# Best chain tensioner for a full suspension singlespeed?



## blunderbuss (Jan 11, 2004)

The three options I'm considering are:

Yess ETR/D
http://labs.yesspro.com/products/etr-d
Specifically developed for fully use

Paul Melvin
http://www.paulcomp.com/melvin.html
Intended for multi ring+single cog setups, but I know it works for this

short cage derailleur
http://www.jensonusa.com/store/product/RD294A01-Shimano+Saint+Rd-M810+Rear+Derailleur.aspx
Self explanatory

The bike in question has a fairly active 110mm of suspension, and is essentially a single pivot. (Trek/Fisher Rumblefish) I'm open to any and all input as I've never even seen an FS-SS, let alone ridden one. Here we go.


----------



## sin3kal (Feb 17, 2008)

Just to throw another option into the mix, I use a shimano alfine tensioner on my giant trance. Cheap and it works. Haven't derailed a chain on the rock and root trails of western north carolina (no front chain guide). Cage has clearance for a 3/32 bmx chain.

http://www.jensonusa.com/store/product/RD292Y00-Shimano+Alfine+Ct-S500+Chain+Tensioner.aspx


----------



## crank1979 (Feb 3, 2006)

I run my Giant Anthem as a singlespeed using the Yess ETR-D. It is a very well designed and made piece of gear.


----------



## SMT42 (Nov 9, 2006)

Ive used the Paul on a Specialized Epic and it worked fine. Seemed to make wheel changes a bit difficult though. Kept the chain very quiet.


----------



## byknuts (Aug 9, 2008)

bb mount spring-loaded.


----------



## blunderbuss (Jan 11, 2004)

Thanks for the info.

I looked at the Alfine but wasn't sure how well it would work. I may start with that since its so inexpensive and then change to one of the others if it doesn't work out.



byknuts said:


> bb mount spring-loaded.


BB mounted is out due to the frame I plan to use. (press-fit)


----------



## hsakkire (Mar 6, 2010)

I used a Paul Melvin with good success on a Canzo 29er

It works best with the lower arm at a minimum vertical or better yet slightly forward


----------



## Guest (Dec 13, 2010)

The melvin is a great device and really well made but has limited chainline adjustability and is limited to nothing bigger than a 19 tooth cog. Worked great for me until I switched to a 20t cog.


----------



## blunderbuss (Jan 11, 2004)

Huh... Paul claims 20t max. Thanks for the heads up on that. I run 32-20 and may have to go even bigger with the weight gain/efficiency loss associated with full suspension.


----------



## pedal-man (Aug 8, 2010)

The ETR-D for sure. Ran one for 2 years and no problems. Although, like SMT 42 said, it is a pain to take off the rear wheel.


----------



## ironbinder (Oct 18, 2010)

*Solid*

Hey will these tensioners work good on a solid frame bike? Or is that overkill. I am having a hard time finding a good tensioner for a front sups. only mtb.


----------



## nitrousjunky (May 12, 2006)

ironbinder said:


> Hey will these tensioners work good on a solid frame bike? Or is that overkill. I am having a hard time finding a good tensioner for a front sups. only mtb.
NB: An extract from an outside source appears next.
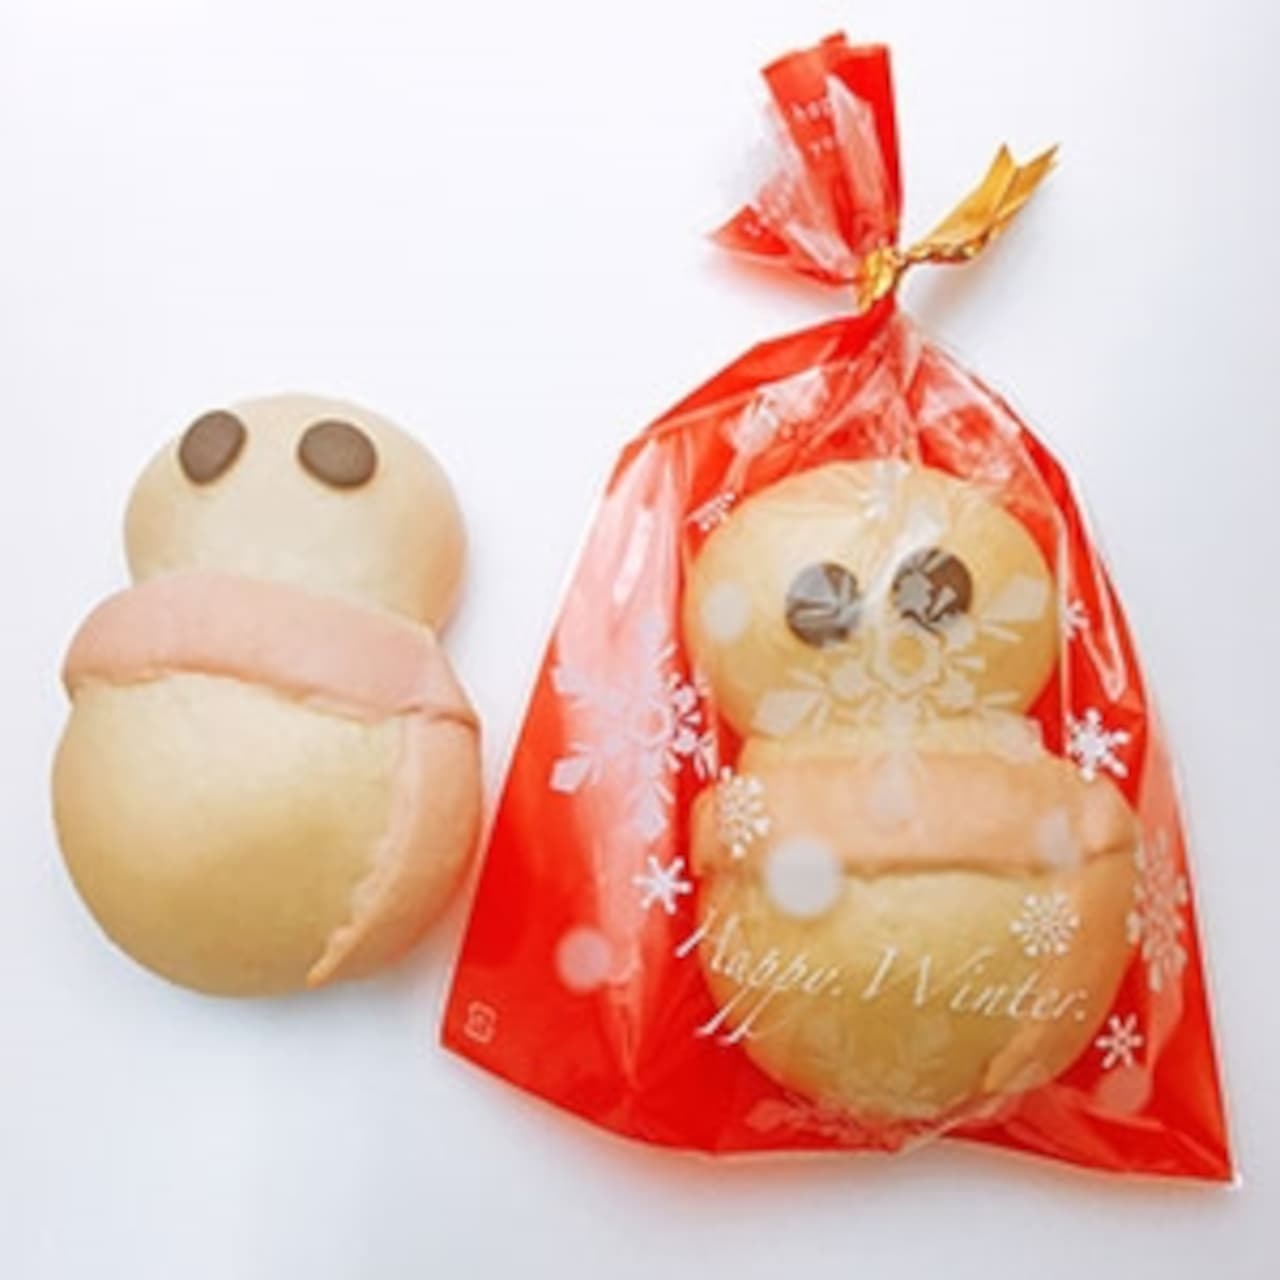 Kimuraya Sohonten New bread summary for December

For that, I'd recommend a rennen rollenlager. It worked great on the HT frame I ran as a SS.


----------



## Martin6 (Jul 11, 2006)

I'm looking at the ETR-B or the Melvin since my FC EBB has been lost in the mail system and I don't want to wait another two weeks to ride my SS.


----------



## ironbinder (Oct 18, 2010)

*I Rollenlager too.*

123


----------



## diabolicaldan (Feb 8, 2010)

ironbinder said:


> I decided from the recommendations here and my search for other forums on SS tensioners, and it seems the Rennen Rollenlager is the most favored. So I got the Rollenlager.
> I was almost going to get a soulcraft, and they look good, but the Rollenlager looks way more solid with the 2 point anchoring system. The Soulcraft looks cooler but it only bolts into the derailleur hanger, and it is more expensive.


Is the rollenlager compatible with Full Susspension bikes? I would imagine you would want to have a tensioner with a spring, unless your bike's chain tension does not change throughout the travel of the rear triangle.

Ordered my Yess ERT-D... should be here soon.

Cheers,
Dan


----------



## mtnbikerfred (Mar 25, 2004)

Etr-v Ftw!!


----------



## ironbinder (Oct 18, 2010)

123


----------



## desertrider83 (Apr 28, 2011)

bump for this. I converted my 03 enduro expert into a single speed, but the origin 8 tensioner I have on there is a bit scary sounding, and im nervous about taking it up a hard climb.










wondering on updates on what y'all think is best. a chain skip sucks balls when you're climbing up a steep hill, clipped in.


----------



## 1SPDBING (Mar 16, 2013)

Deleted


----------



## desertrider83 (Apr 28, 2011)

1SPDBING said:


> Go with a Yess tensioner and you won't have to look back. Not the cheapest by any means but you get what you pay for.
> Plus they have excellent service!


how is it weight wise?


----------



## ironbinder (Oct 18, 2010)

*Don't know*



diabolicaldan said:


> Is the rollenlager compatible with Full Susspension bikes? I would imagine you would want to have a tensioner with a spring, unless your bike's chain tension does not change throughout the travel of the rear triangle.
> 
> Ordered my Yess ERT-D... should be here soon.
> 
> ...


I have never had a full suspension bike. I think it would. As long as the length of the chainstay stays the same and there is no play there is should work, I put a review of the Rollenlager on YouTube. 
Google 'Rollenlager review on youtube'
Here is the link
A Rollenlager Review - YouTube


----------



## ironbinder (Oct 18, 2010)

Check out the review link I posted below. It did a review on YouTube.
It is built bomber.
I have had no problems since I installed it. I have a rigid frame tail bike.


----------